Choosing Nobody from this menu means that only the administrator (you) may read or write these files, essentially locking them for anyone else. There is also the ability to share with Homegroup in either Read Only (view but not edit) or Homegroup (Read/Write) access. The latter is essentially giving full permissions to anyone that uses your computer to read or write that file without credentials. Keep in mind that the additional items on my Right-click menu may not show up for you (AVG, TeraCopy, etc) because these are 3rd party installed programs I use. If you are seeing Lock Icons on items though, then you should see the Share With on your Right-Click Menu

As you can see, choosing Nobody will put a lock on that file and choosing either Homegroup option will remove the lock.
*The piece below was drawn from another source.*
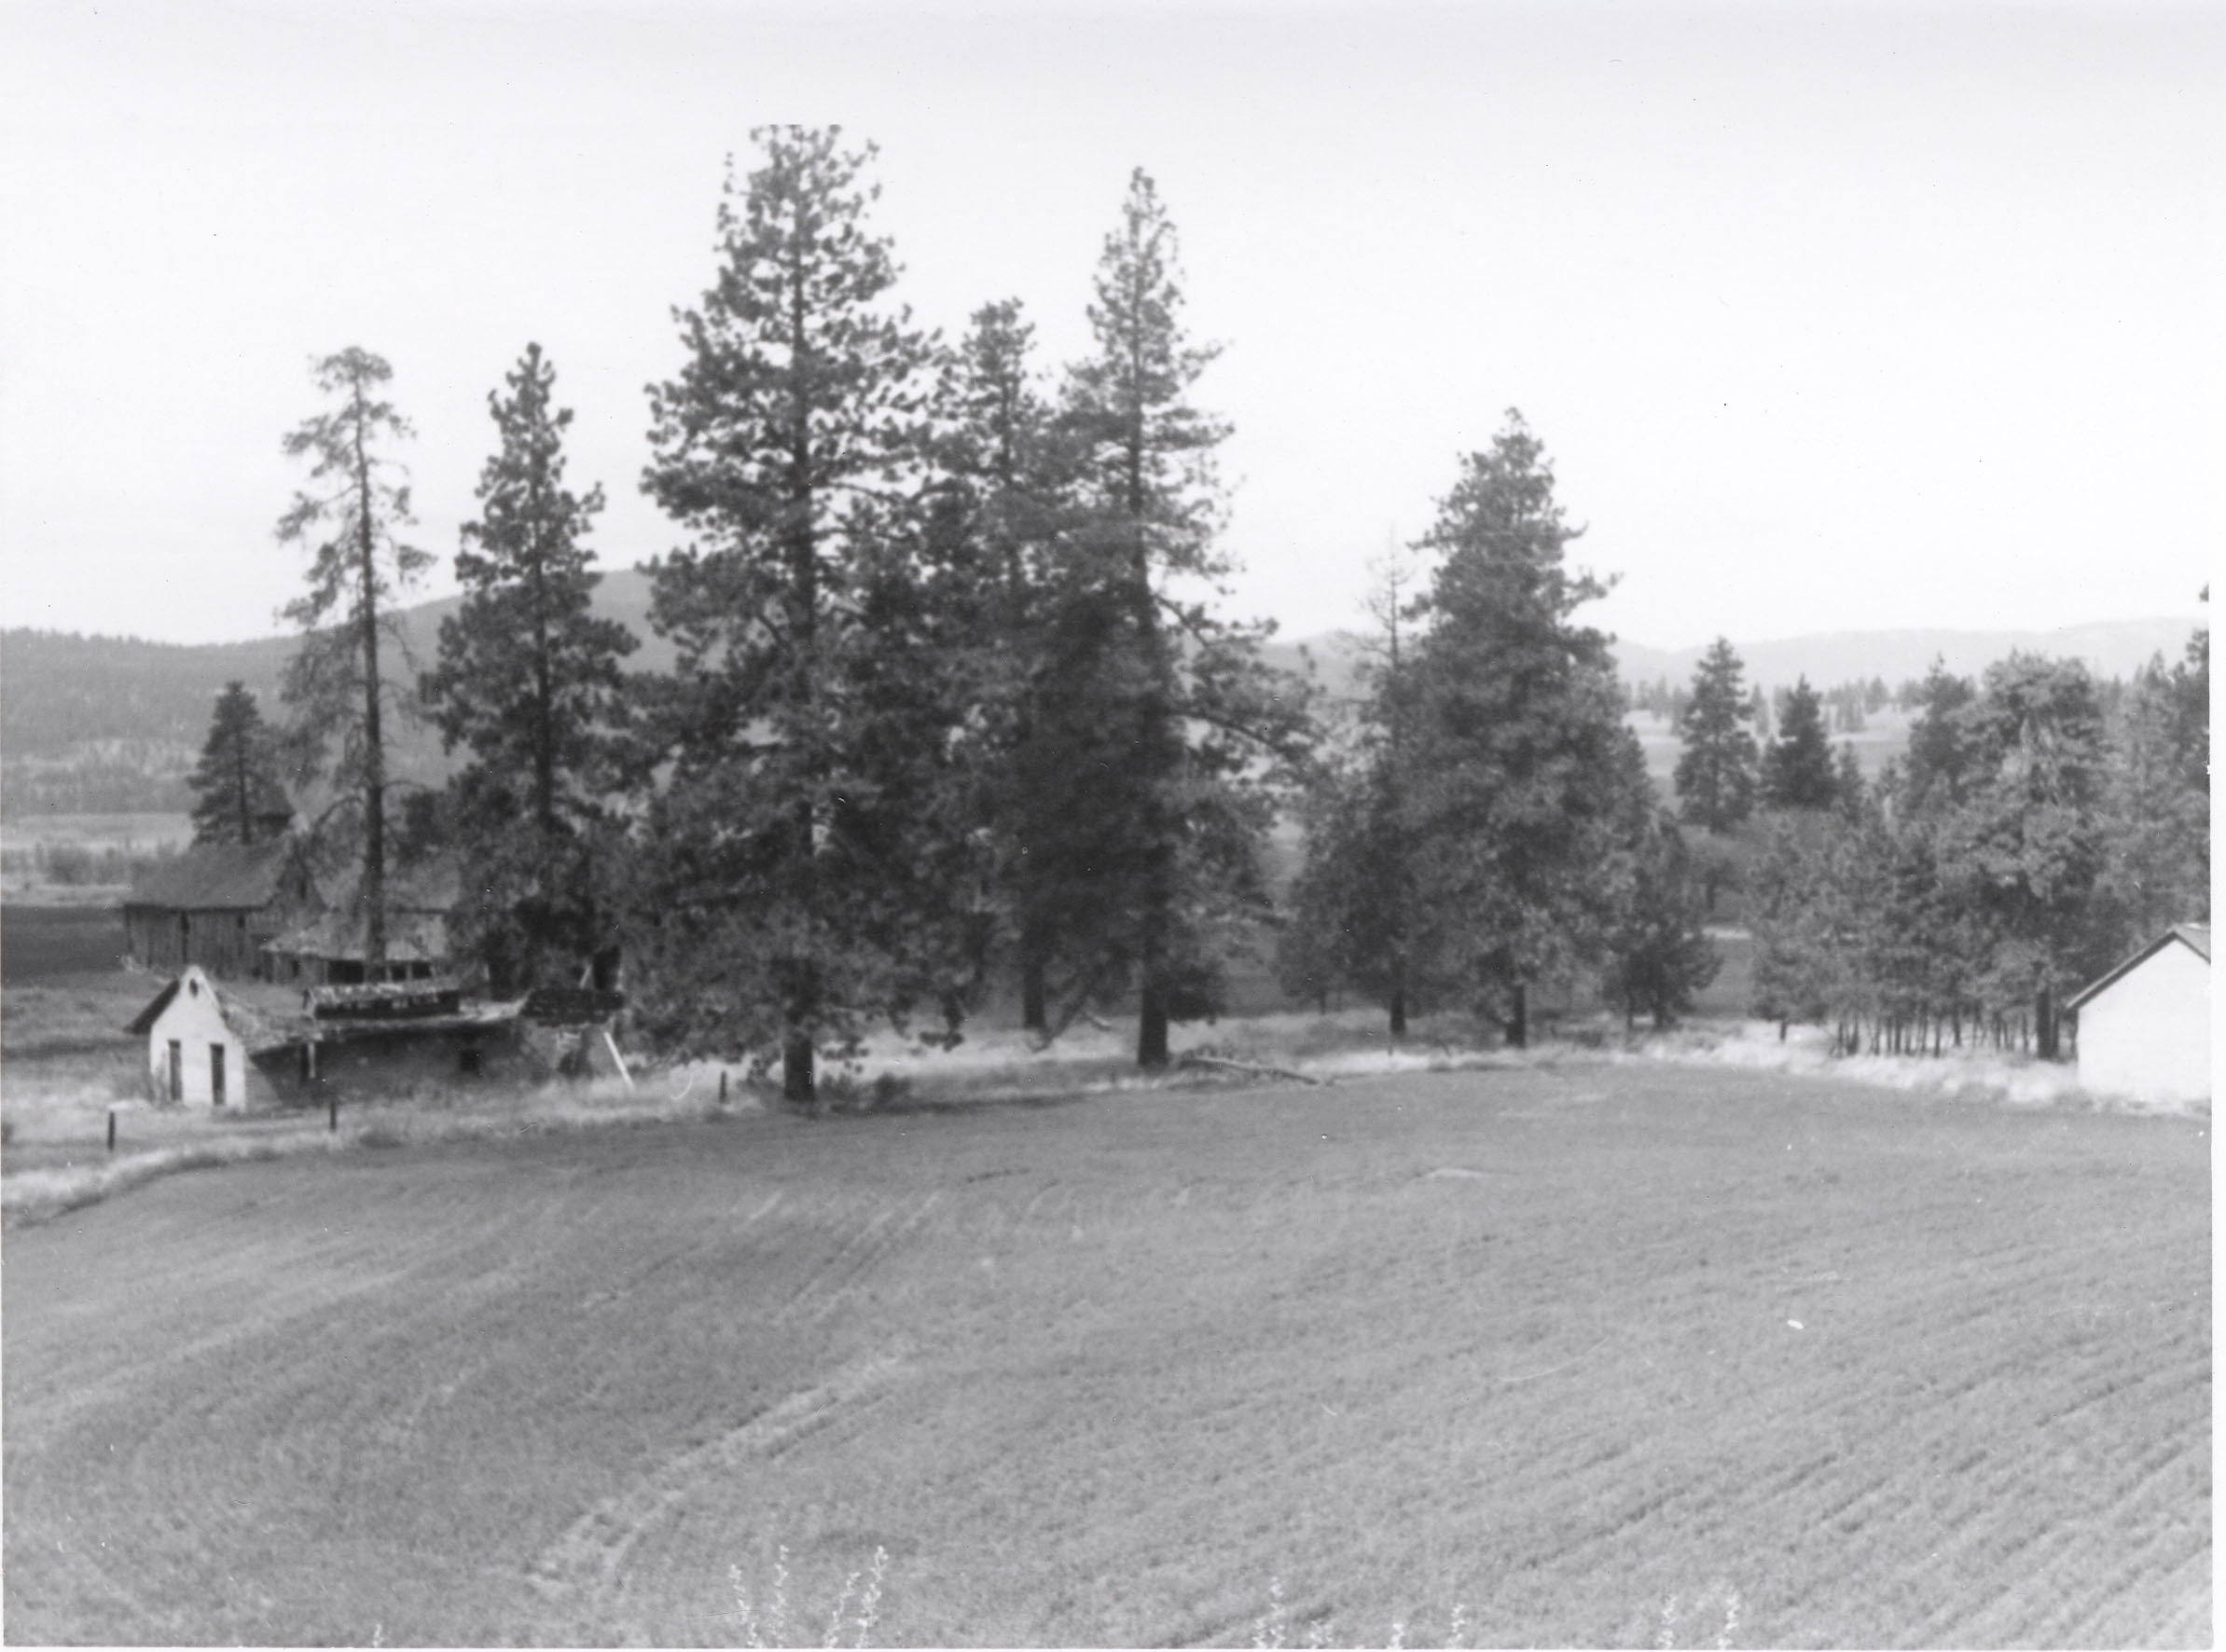 Black and white photograph of a field surrounded by trees and buildings

If you wish to do this for more than just a single file, you can select many files and set Sharing on them, or you can also choose entire folders (in my case C:\Media) whereby anything you put in there will not be locked down. If a file you put in a shared folder is still showing a lock icon, simply right click it and choose the Share With menu to correct that.
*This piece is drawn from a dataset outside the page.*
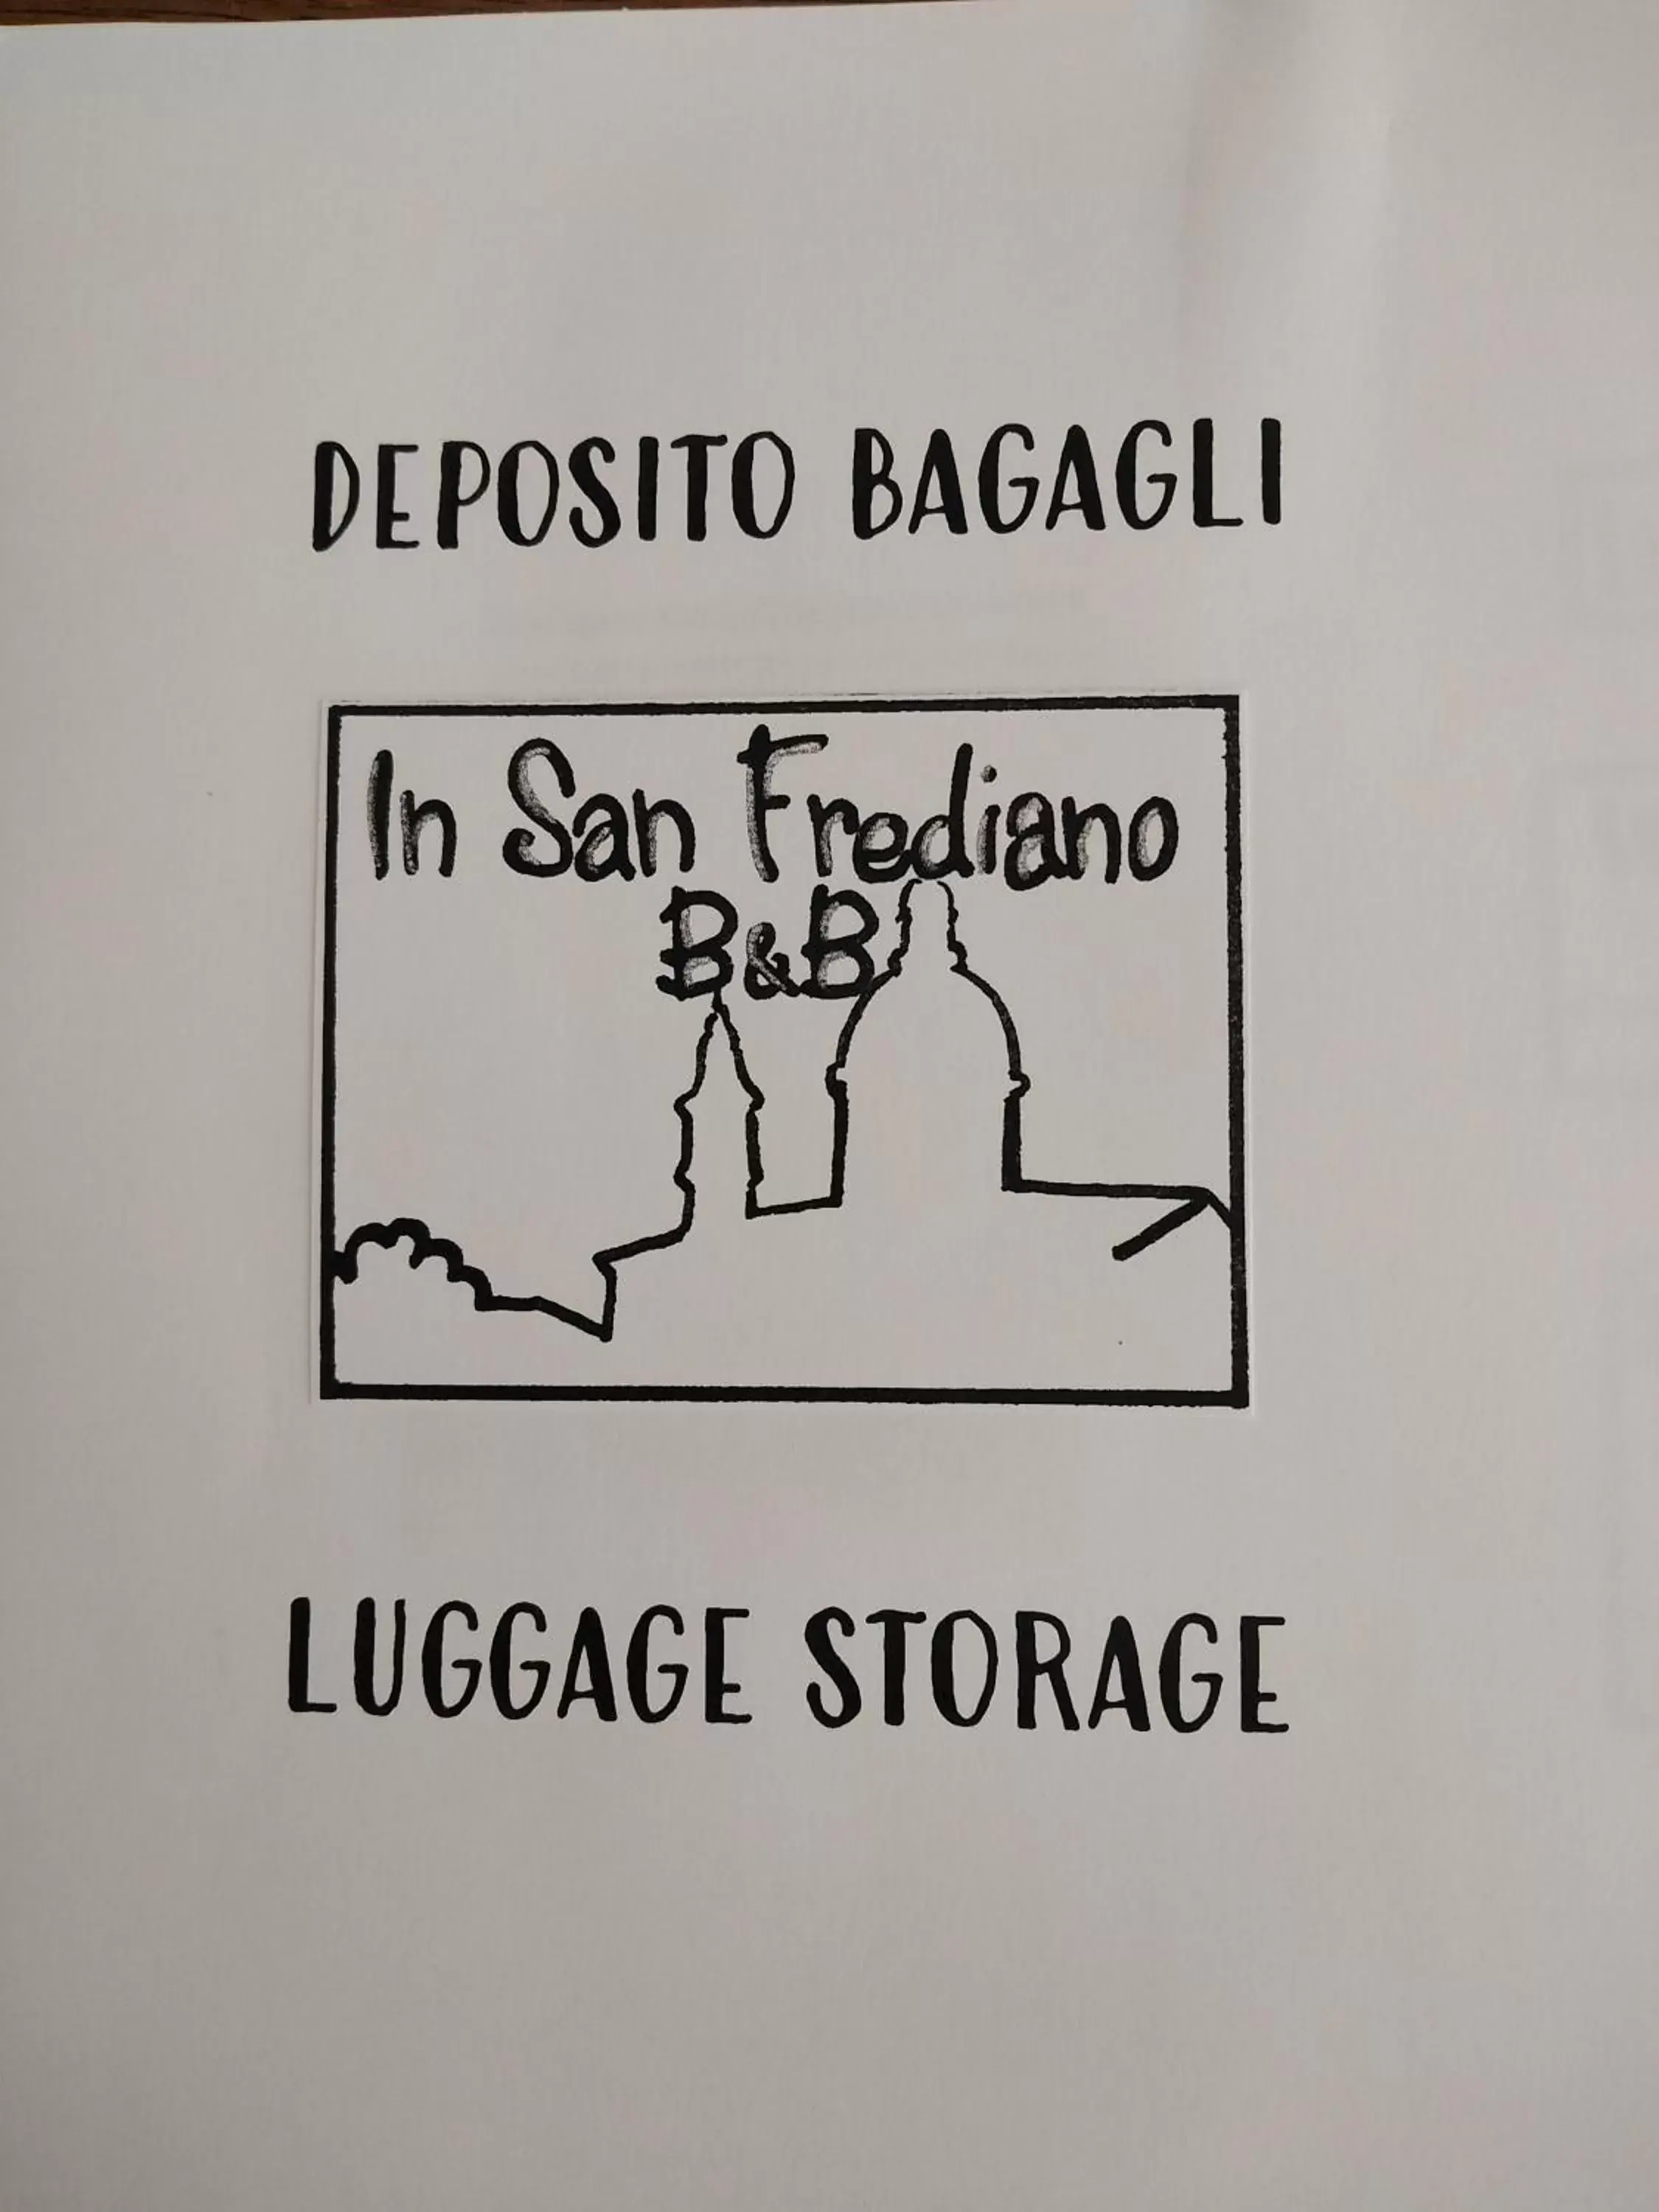 Property logo or sign in In San Frediano B&B

Keep in mind, if you choose to make files shared with homegroup, they will be accessible to anyone who logs into the computer and anyone who logs into via computer to computer network sharing. In this manner, permissions on files and folders can be set, and now you know what the Lock Icon is all about in Windows 7 :)

Hope this helps out!
Hello Coachjim

As you describe it, it seems to be a security issue.
Try the following:
Start > Controlpanel > System and Security > Change settings for User Account Control > Pull the bar down to never > Ok

If you are receiving access denied errors, it may be due to the file permissions. If your new user is not in the list of NTFS permissions or if you can't even see the NTFS permissions you need to take ownership of the files and add your user (or a group your user belongs to) with full control to the files.

To set this right click the folder or file.
1. Click on the security tab.
2a. Click Advanced.
2b. Click the Owner tab.
2c. Click Edit.
2d. Select your Admin group or your user in the Change Owner to: list.
2e. Click the replace owner on subcontainers and objects tick box.
2f. Click Okay.
You should now be the owner of those files or folders.
Return to the permissions tab in the advanced security settings.
3. Click Change Permissions.
4. Click Add.
5. Start typing your username or administrators to add your user or the administrators group.
6. Click check name.
7. The name should become underlined with your computer name placed before the name or group.
8. Click Okay.
9. Tick the top box that allows Full Control.
10. Click Okay.
11. Tick the box that says replace all child object permissions with inheritable permissions from this object.
12. You will get a notice that you will remove explicitly defined permissions on all descendants of the object. Click Yes.
13. You should now see your new permissions in the list.
14. Click Okay.
15. Click Okay again.

Now retry the options that you were having trouble with.
I would follow Kimmyel and turn off the account control. The other thing is that in Windows 7 you can be an Administrator without being the "Administrator". If you want to see what things do when you are logged in as the Administrator and not just a user in the Adminstrator group, click the start button and then right click on Computer, click Manage. Open Local Users and Groups and open Users. Right click Administrator and Set Password, Give the Administrator a password and then "Enable" the Account. You can then log in as Administrator and look at the actual rights that you have on your Adminstrator equivilent account. In windows 7 not all administrators are created equal...
coachjimAuthor Commented:
I decided not to award the points equally but reward those who came first more highly.